These statements include, without limitation, statements about our anticipated expenditures, including those related to clinical research studies, and general and administrative expenses; the potential size of the market for our products, future development and/or expansion of our products in our markets; our ability to obtain regulatory clearance; expectations as to our future performance; the future impact and ongoing appeal with respect to on-going litigation and the "Liquidity and Capital Resources" section of this report, including our need for additional financing. Our actual results will likely differ, perhaps materially, from those anticipated in these forward-looking statements as a result of various factors, including: our need and ability to raise additional cash, our ability to manage our current creditors and business partners, risks associated with laws or regulatory requirements applicable to us, market conditions, and unforeseen litigation to name a few. The forward-looking statements included in this report are subject to a number of additional material risks and uncertainties, including but not limited to the risks described in our filings with the Securities and Exchange Commission and under the "Risk Factors" section in Part I above.

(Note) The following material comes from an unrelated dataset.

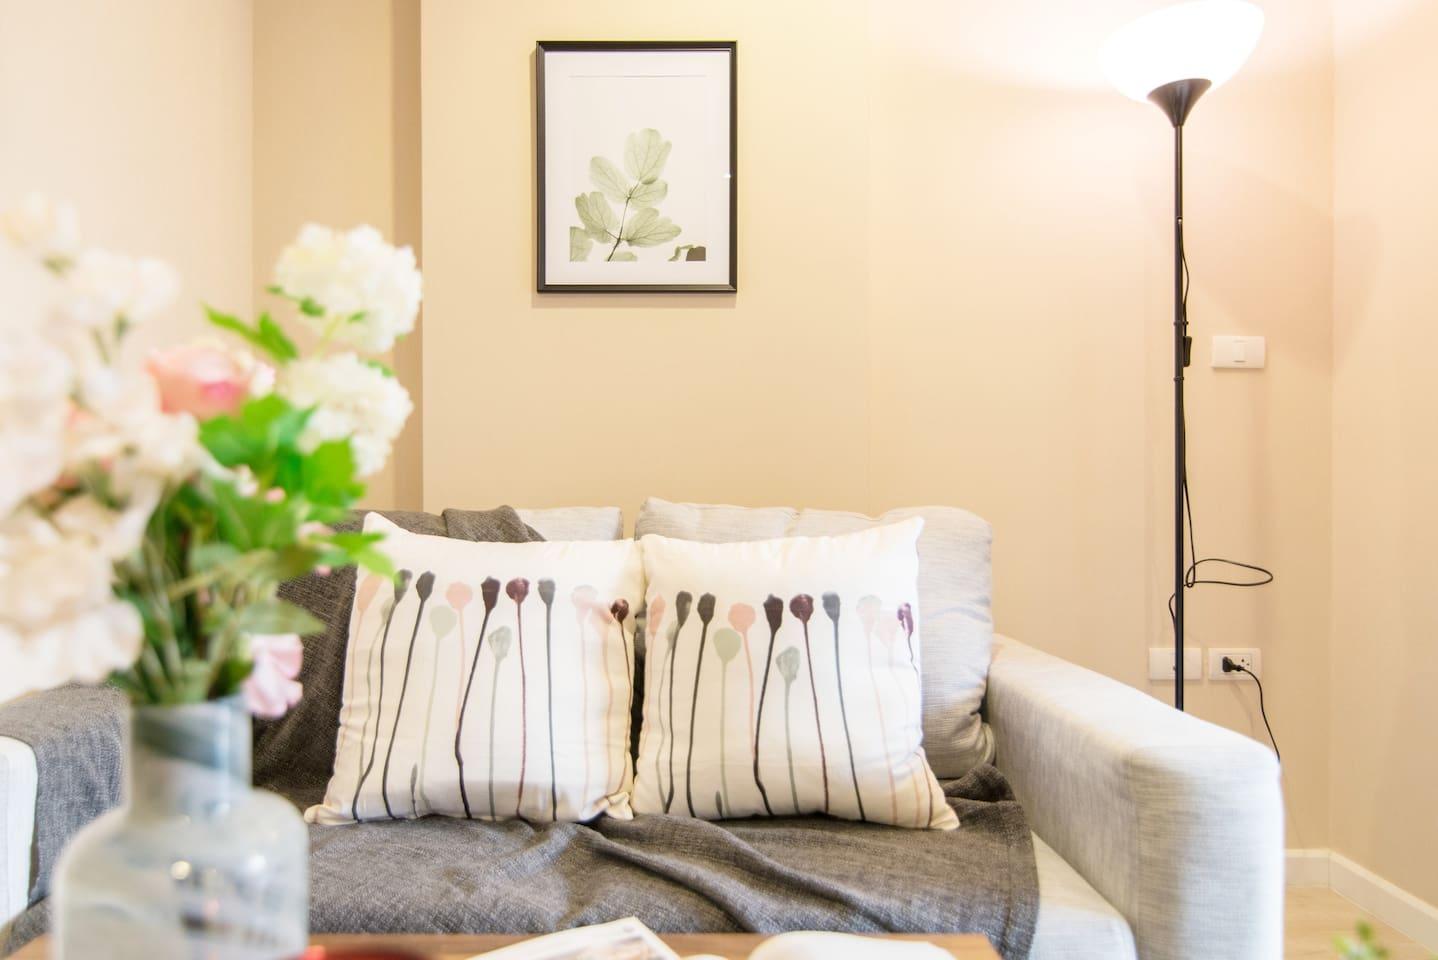 Soft sofa 舒适沙发

We encourage you to read the "Risk Factors" section in Part 1 carefully. We caution you not to place undue reliance on the forward-looking statements contained in this report. These statements, like all statements in this report, speak only as of the date of this report (unless an earlier date is indicated) and we undertake no obligation to update or revise the statements except as required by law. Such forward-looking statements are not guarantees of future performance and actual results will likely differ, perhaps materially, from those suggested by such forward-looking statements. You should also read the following discussion and analysis in conjunction with "Item 6. Selected Financial Data," and "Item 8. Financial Statements and Supplementary Data" included elsewhere in this Annual Report on Form 10-K.
Liquidity
We incurred net losses of $103.2 million, $59.3 million and $55.6 million for the years ended December 31, 2008, 2007, and 2006 respectively. We have an accumulated deficit of $312.0 million as of December 31, 2008. Additionally, we have used net cash of $74.8 million, $48.2 million and $44.6 million to fund our operating activities for years ended December 31, 2008, 2007, and 2006, respectively. During the year ended December 31, 2008, we invested heavily in Adlea clinical development to complete the two Phase 3 trials in bunionectomy and total knee arthroplasty (TKA, or total knee replacement surgery) and the commercial product launch and discontinuation of Zingo, which ultimately caused us to incur significant restructuring charges. In addition, our net cash used in financing, including the repayment of the GE equipment loan and the Oxford loan, was $11.0 million. All of which contributed to our ending cash and cash equivalent balance of approximately $658,000 at December 31, 2008. To date these operating losses have been funded primarily from outside sources of invested capital.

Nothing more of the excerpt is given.